Realization | Teen Ink

Realization

February 23, 2010
By Steffany BRONZE, Bellingham, Washington
Steffany BRONZE, Bellingham, Washington
3 articles 0 photos 1 comment

Life used to be terrible for me. I cried almost every day. I don’t know if I was depressed mildly or severely, or at all. I could feel myself fall apart little by little every day. I don’t know what happened. Actually, I do. I was so upset with the way I looked, so self conscious. I became too obsessed with the whole popularity game with the boyfriends and dating and crap. And then I was beginning to be left out a lot. I was shattered. I found myself hanging with a group but no one to actually connect with. Then I was with a small group that was already formed, one being one of my friends already. Two of them were one of those instant best friends, they did everything together. They had all classes together and laughed together and they even had/have the same goal in life. One was said friend; the other was a new girl that moved in the beginning of the year. She wasn’t an automatic popular or popular at all. She was timid and shy, and nobody talked to her. I hated her so much. I blamed her for taking my best friend away. It’s like I was replaced by her. I just wanted her to go back to wherever the hell she came from. I felt like she ruined my whole life. I wanted to be friends with her, but she would always push me away. She was nice, and she always seemed to have so much fun with my friend. Eventually we became friends, but the exclusion never stopped. Whenever I talked to one, they would always talk about the other. I cried a lot. I was on the verge of suicide. Sort of. It’s not that I wanted to die, but I would always wonder if everyone would be better off without me. Like I was a road block and an annoyance to people.

I wished that someone would’ve just been there for me at that time. I didn’t feel comfortable with talking to my family. Asians, they tend to overreact. They would probably freak and send me to a shrink. I didn’t feel close to them at all. I did, always have, and will, keep my friends closer than my family. On some level, I know I love my family. They’re family, of course I love them. But I don’t feel particularly comfortable with them. They’re gone through so many harder things; I didn’t want to add to their troubles. I know my parents want me to share my life with them, but I decided to just leave it. I’ve always depended solely on my friends, and it was at that point I realized it could be somewhat annoying. I decided to leave it there, too. At the time, I didn’t really know what to do. I didn’t know what to do anymore.

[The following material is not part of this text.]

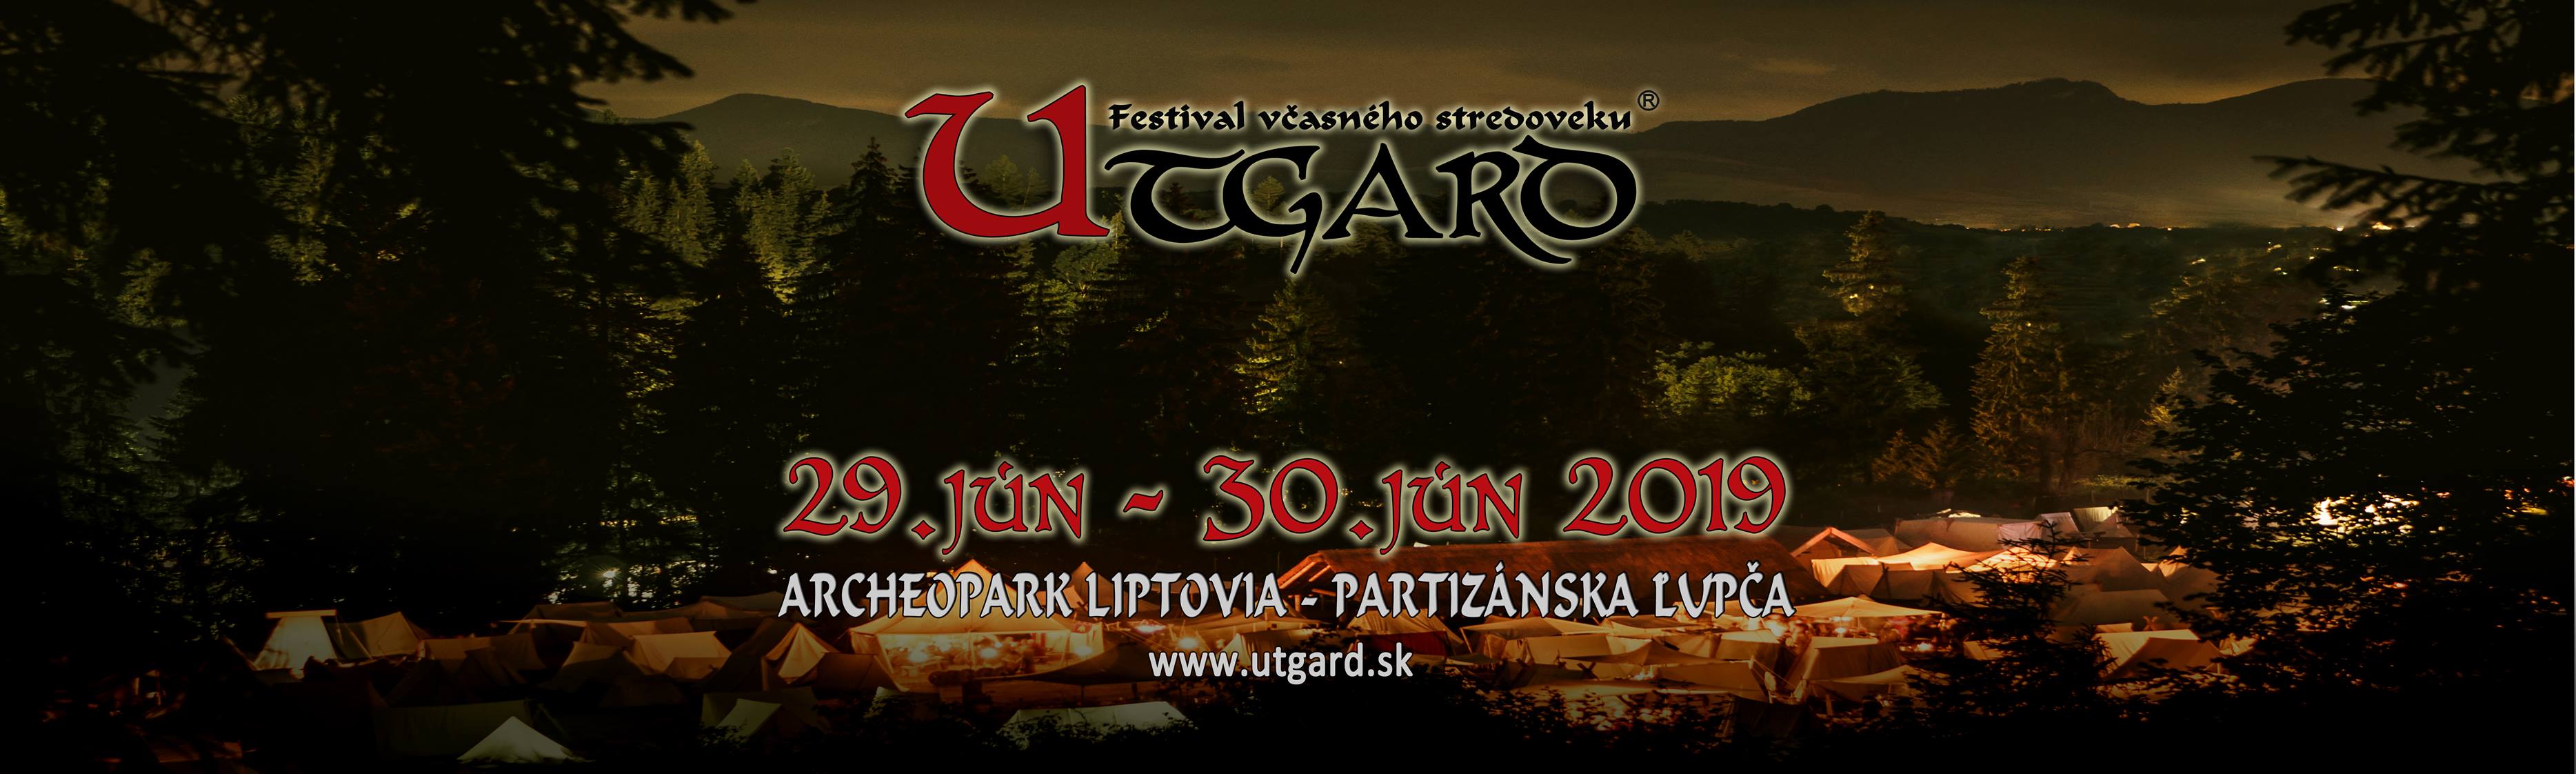 Utgard 2019 Partiznska Lupa - 5. ronk festivalu vasnho stredoveku

Now, things are different. I don’t feel self-conscious anymore. I am definitely not the prettiest or skinniest girl in the room, and I do have my days where my hair is messy or I break out. I don’t have a boyfriend, either. But that stuff doesn’t get to me anymore. I don’t care what other people think of me. They think I’m an ‘arse’? So be it. I honestly do not care. Over time, I found real friends who really care about me. Why should I want a boyfriend at this age anyway? More likely than not, things last less than a month. 2 at the most. I look back and just feel pathetic. I shouldn’t have let that stuff get to me. It doesn’t anymore. I’m not letting it get in the way of living my life.